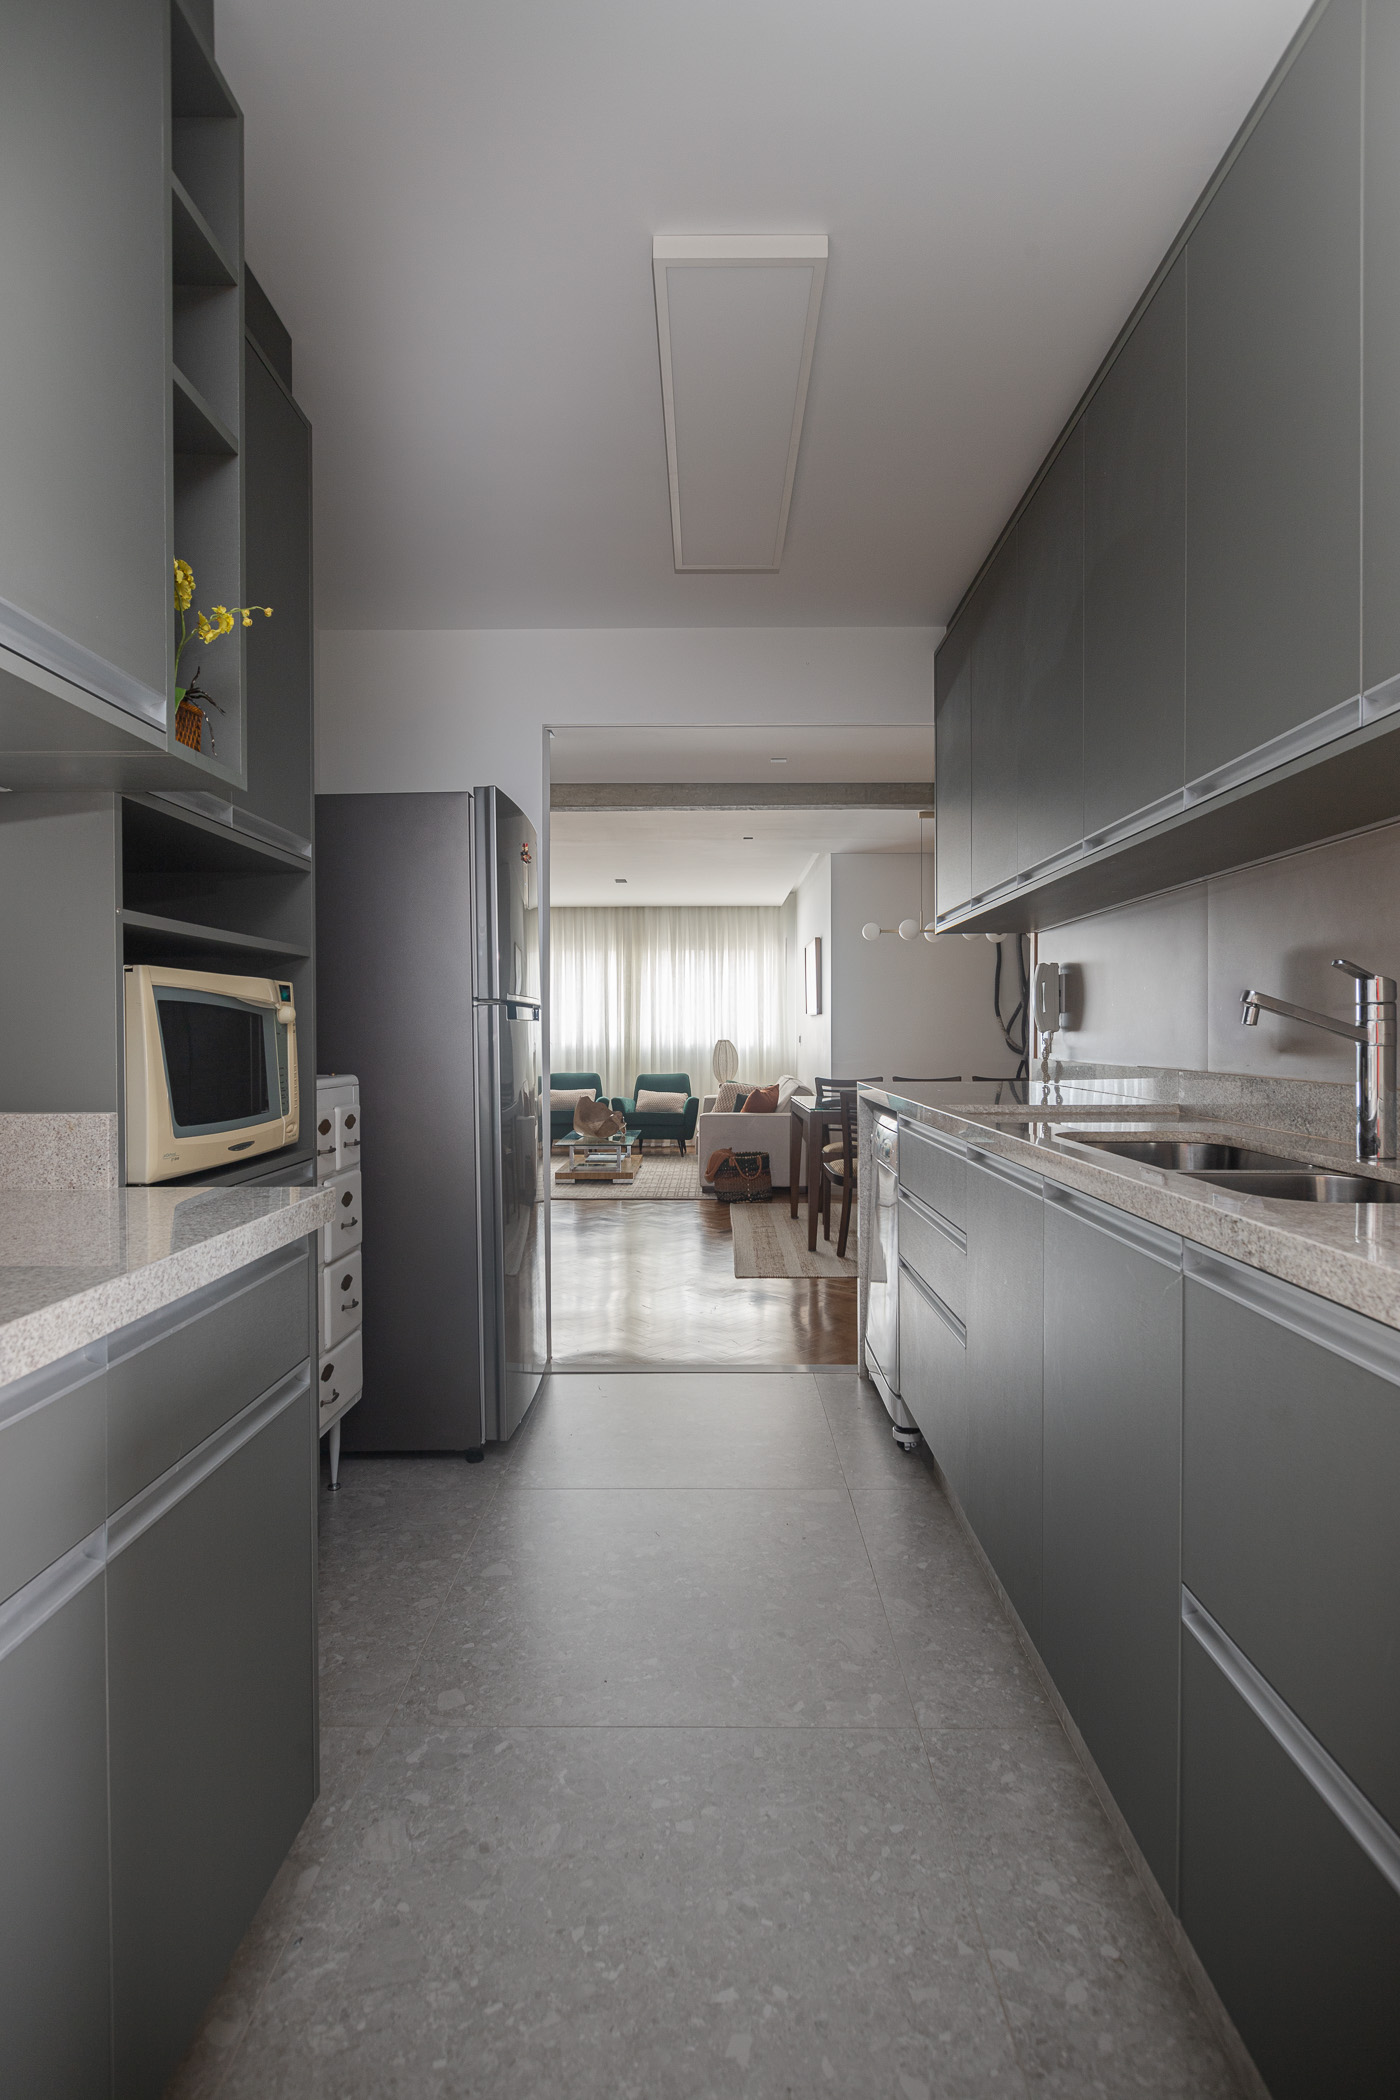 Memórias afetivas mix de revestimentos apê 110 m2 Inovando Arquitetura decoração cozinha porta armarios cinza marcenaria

---

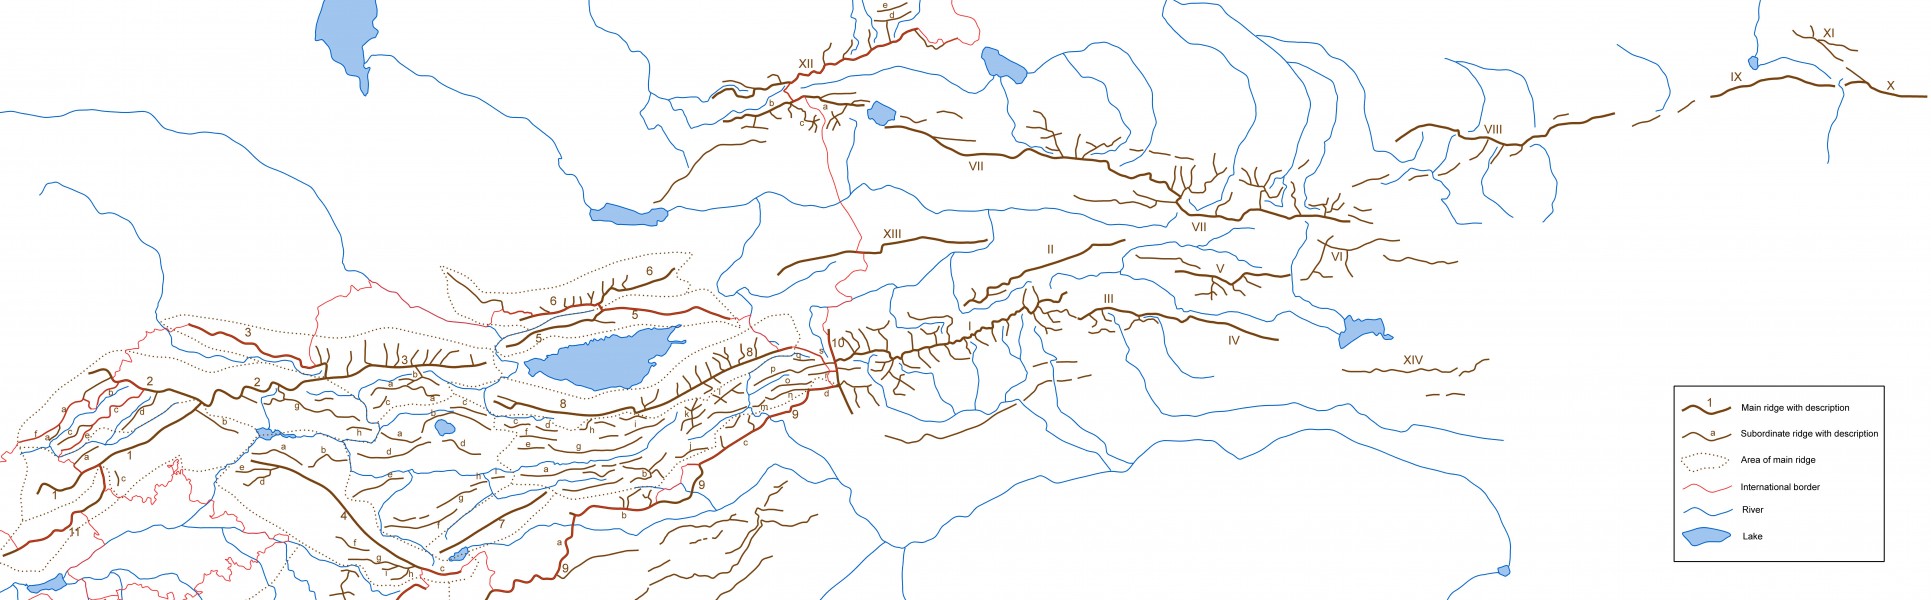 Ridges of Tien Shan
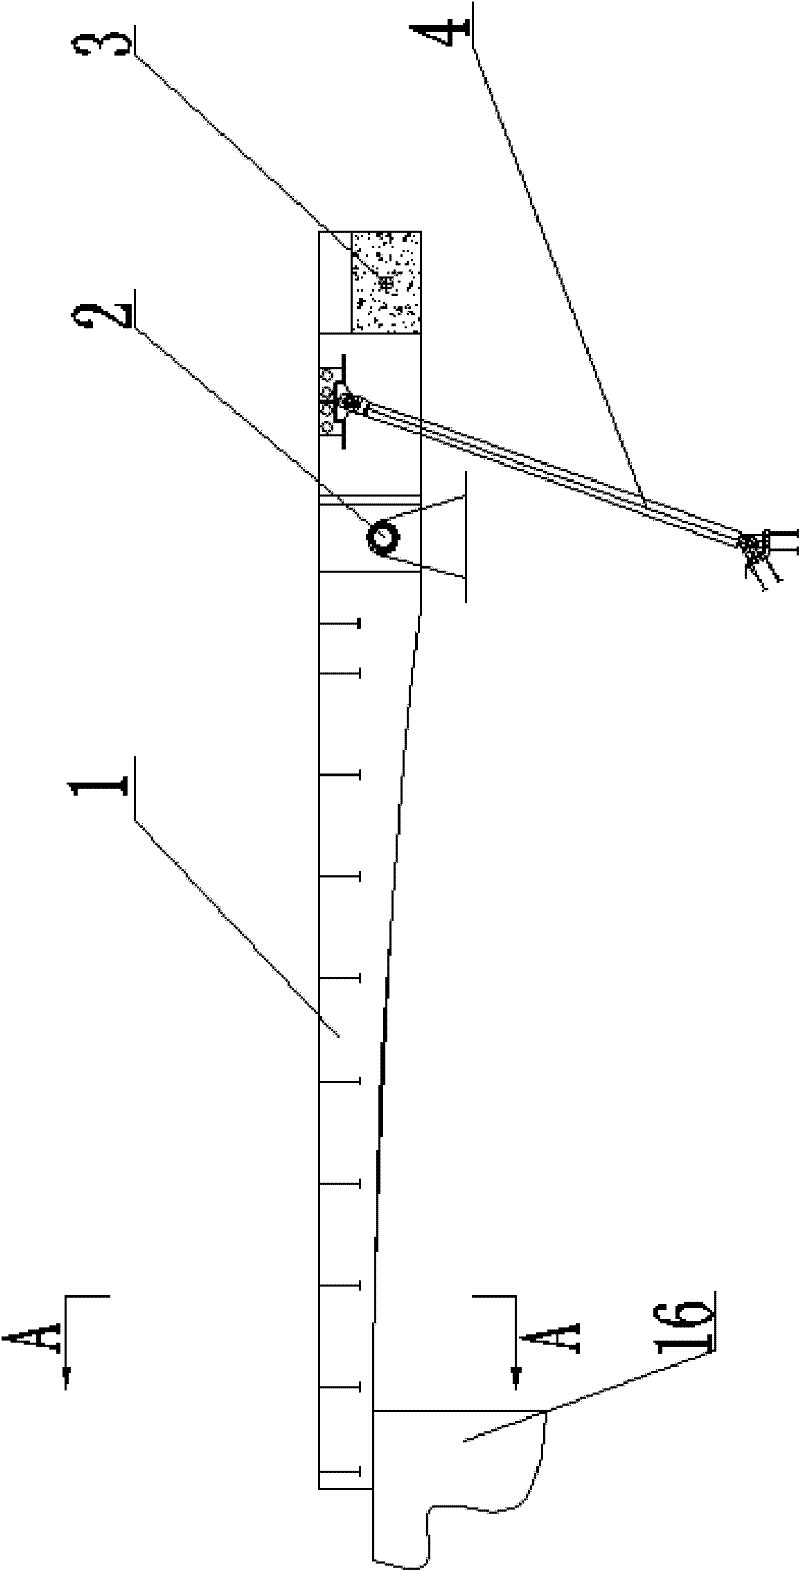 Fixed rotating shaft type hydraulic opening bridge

INSTRUCTIONS FOR THE TASK: Only the lines above starting with the line with "Ridges of Tien Shan" and going on through the line with "Fixed rotating shaft" belong in the answer; repeat them exactly, minus any picture.

TASK ANSWER:
 Ridges of Tien Shan
 Fixed rotating shaft type hydraulic opening bridge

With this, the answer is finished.